Uber-Paleo-Geek Artifact (Score:3)
TWW
Re:No need to know. (Score:3)
Perhaps in the US, they do not teach or use morse code. But it is still the a fantastically efficient way to communicate, in terms of power usage bandwidth.
A very simple homebuilt transmitter can send an intelligible signal around the world, with an output power of perhaps 1 watt.
Got no transmitter? Use a heliograph. Or bang a pipe. Flash your headlights, whatever...
Re:and then there are those of us... (Score:3)
Actually, pretty much the same case here, except I don't know how to use it. I got one from my father a couple of years ago and have been searching for directions since then. My father doesn't remember how to use it very well, and no one else I know seems to know how either. I'm still interested in learning how to use it, anyone know of a good set of directions somewhere? Or do any good books on this exist?
Slide rules used everyday... (Score:4)
We use a tool called an E6B, invented originally (I think) by the army, which has a circular slide rule on one side of it.
The circular slide rule is pre-marked with conversions that are interested to pilots, such as gallons/gas->pounds and gallons/oil->pounds, and it it frequently used (in flight, with one hand) for computing distance covered.
There's a tons of other conversions, and of course, you can do any other mathematical operation that a slide rule can do.
Aviators are the only people I know who still use these slide rules -- but every student pilot where I flew was issued one and had to use it for the examinations.
Mumbly Joe
One problem ... (Score:3)
There's a great scene in Apollo 13 where a group at mission control frantically works with slide rules to calculate information before a computer on the ship is shut off.

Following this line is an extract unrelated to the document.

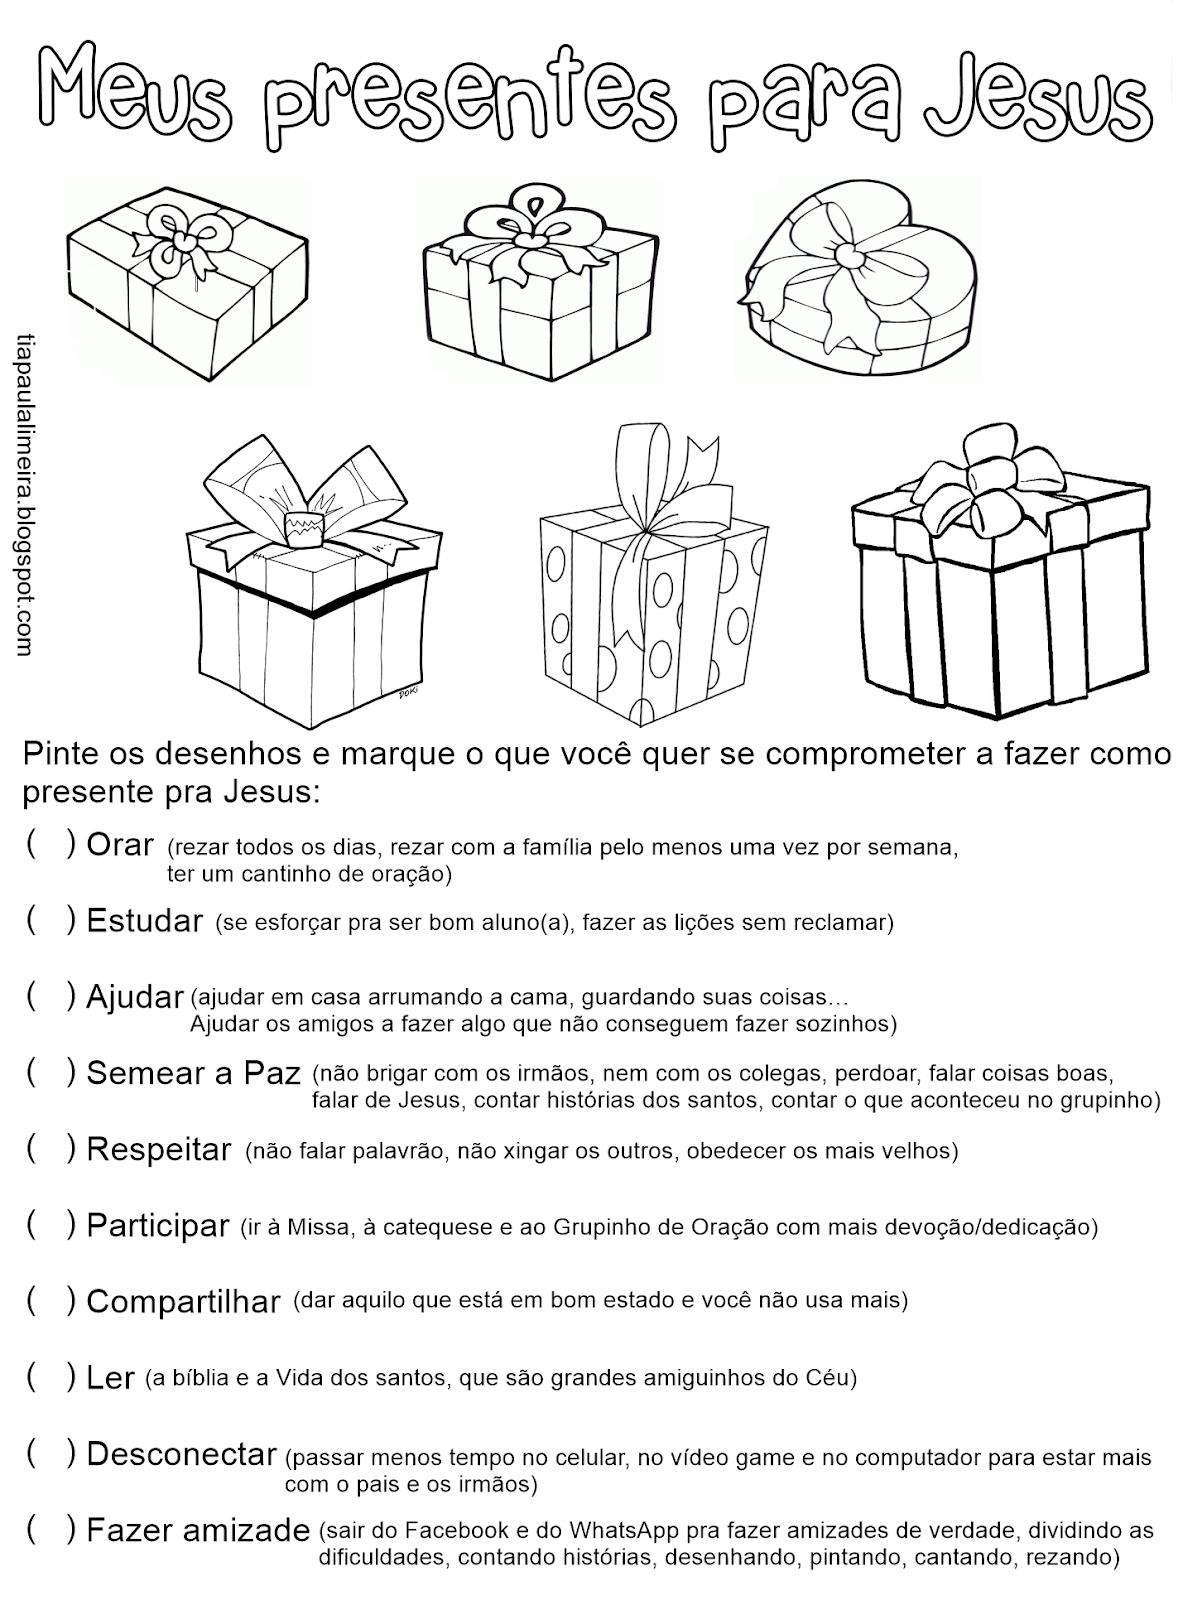 Presentes.png

Yes, that was a cool scene from a cool movie. However, the calculation they were performing was addition (from Lovell's line to the effect of "check my addition"), and I'm told that this is something slide rules can't calculate.

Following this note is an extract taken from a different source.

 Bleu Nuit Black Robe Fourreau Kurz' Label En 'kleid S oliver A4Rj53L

Feynman and Logarithms (Score:5)
There's this cool chapter in the book "Surely you're joking, Mr. Feynman" in which the Nobel-laureate physicist Richard Feynman describes how he could calculate all kinds of complicated expressions in his head, simply by being very familiar with log tables and basic arithmetic. Unfortunately, in the calculator age this skill has been lost.

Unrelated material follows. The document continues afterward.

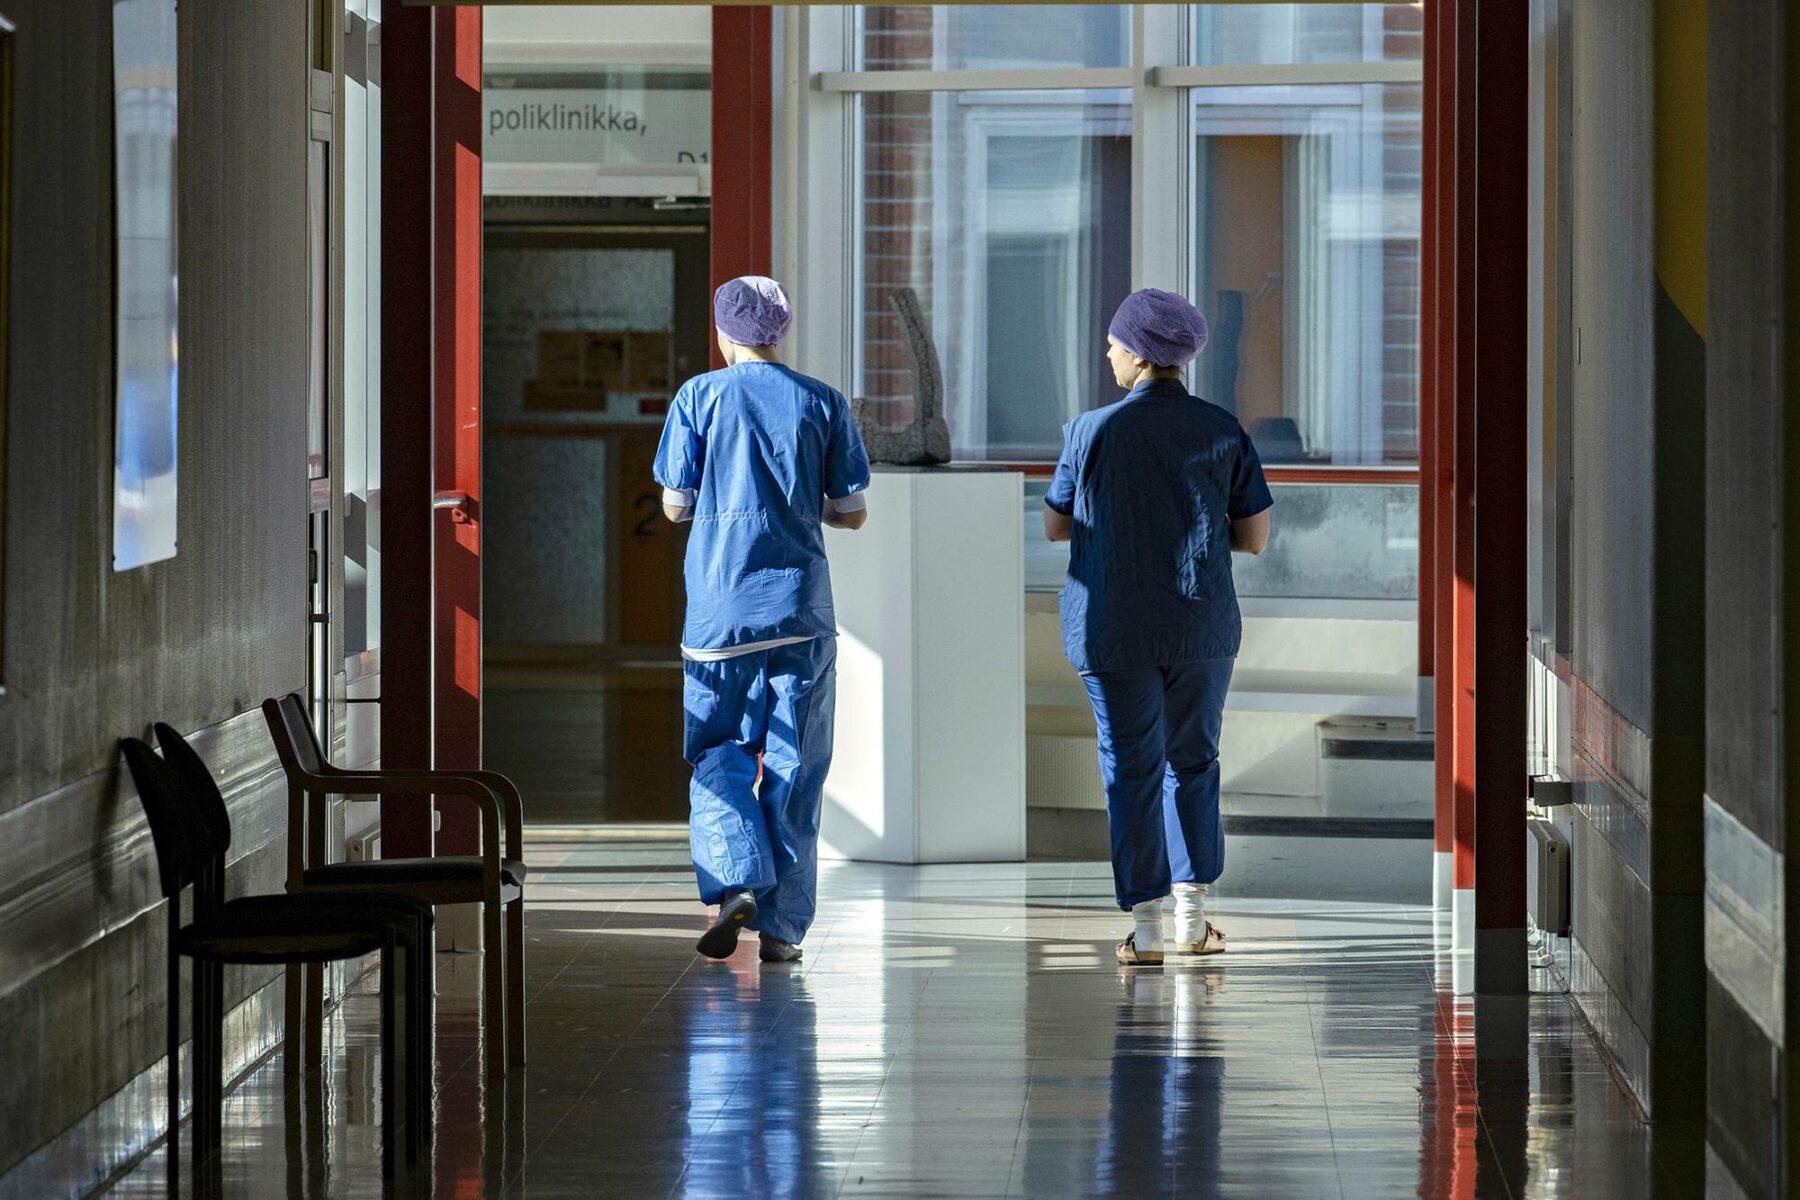 Terveydenhuollossa työajan lyhentäminen voisi parantaa jaksamista ja työssä viihtymistä. Se taas voisi heijastua tuottavuuteen.

Example: Someone asks Feynman to calculate e to the power 3.3, and then to the 3:
"I happened to know three numbers -- the logarithm of 10 to the base e ... which is 2.3026 (so I knew that e to the 2.3 is very close to 10), and ... I knew the log of 2 to the base e, which is .69315 (so I also knew that e to the 0.7 is nearly equal to 2). I also knew e (to the 1), which is 2.71828. The first number they gave me was e to the 3.3, which is e to the 2.3 -- ten -- times e, or 27.18. I knew I couldn't do another one; that was sheer luck. But then the guy said e to the 3, that's e to the 2.3 times e to the .7, or 10 times 2. So I knew it was 20.something, and when they were worrying how I did it, I adjusted for the .693."
This is covered by fair use, I hope. But seriously - go get the book. It's an excellent read.
Sliderules (Score:3)
While I would not want to go back to only using a sliderule, the one thing that I did learn was how to estimate results in my head - a tool that has been very useful over the years.
Spreadsheets and handheld calculators are great - you can do more more quickly than you ever could with a slide rule.
You can also make bigger mistakes more often.
Re:I found Dad's slide rule in the attic... (Score:3)
That, to me, was what set sailors apart from everyone else: no matter where you were, or what side of the cold war you were on, you shared a long heritage and a common mistress - the sea. Even nominal enemies could share beers, swap lies and toast those on permanent patrol. It was why, when the Glomar Explorer raised a Russian nuke we buried, at sea with honors, those we found inside.
Somewhere Megellan and Vasco da Gama must be smiling.